I have a dataset of race and outcome either (Y,N) I want to tabulate a 2X2 table to run a chisq test for each race.
Asian 584 24
Black 1721 56
Hispanic 2400 90
White 8164 289
Once I create a table 2X2 so the first row will be Asian and second row will be non-Asian (counted from values of total - asianNo) and (total- asian yes) as the second column of that row. Then I can run a chisq test easily on each race once I repeat that process for all races. Is there an easier way to run a Chisq test for each race in my table above?

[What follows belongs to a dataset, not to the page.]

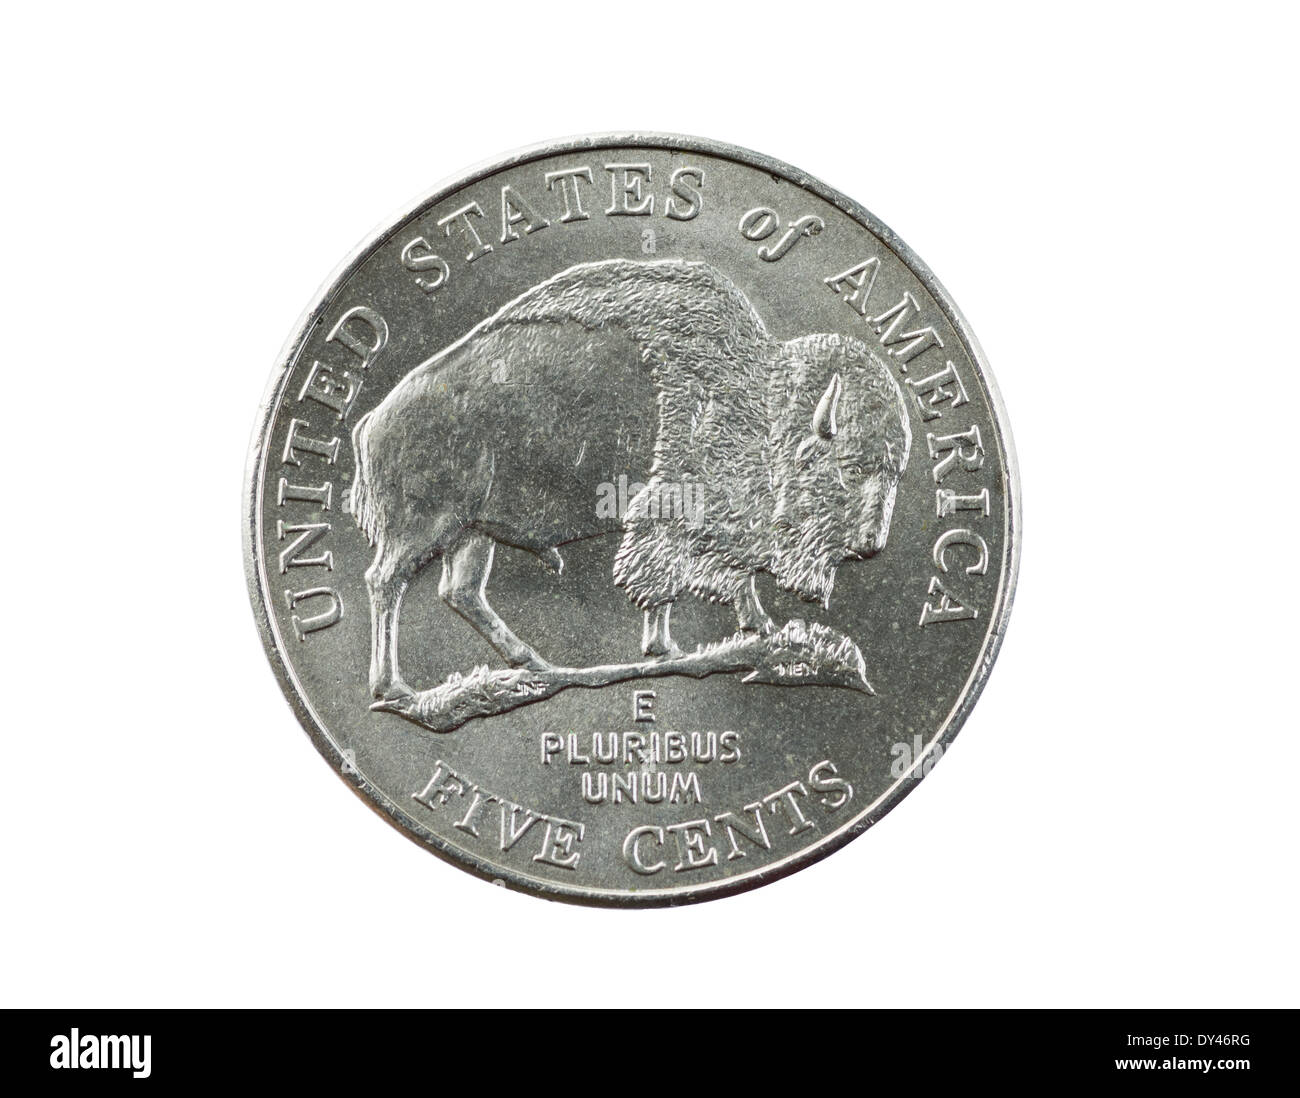 Büffel oder Bison nickel Münze isoliert auf weiss Stockfoto

CodePudding user response:
Here is one option with map2
, where the first row is an individual race and the second row are the others, then I name each list according to the specific race.
library(tidyverse)
pull(df, V1) %>%
map2(
.,
replicate(nrow(df), df, simplify = FALSE),
.f = function(x, y)
y %>%
filter(V1 != x) %>%
summarise(across(-V1, sum)) %>%
bind_rows(filter(y, V1 == x) %>% dplyr::select(-V1), .)
) %>%
set_names(., pull(df, V1))
Output
$Asian
V2 V3
1 584 24
2 12285 435
$Black
V2 V3
1 1721 56
2 11148 403
$Hispanic
V2 V3
1 2400 90
2 10469 369
$White
V2 V3
1 8164 289
2 4705 170
Data
df <- structure(list(V1 = c("Asian", "Black", "Hispanic", "White"),
V2 = c(584L, 1721L, 2400L, 8164L), V3 = c(24L, 56L, 90L,
289L)), class = "data.frame", row.names = c(NA, -4L))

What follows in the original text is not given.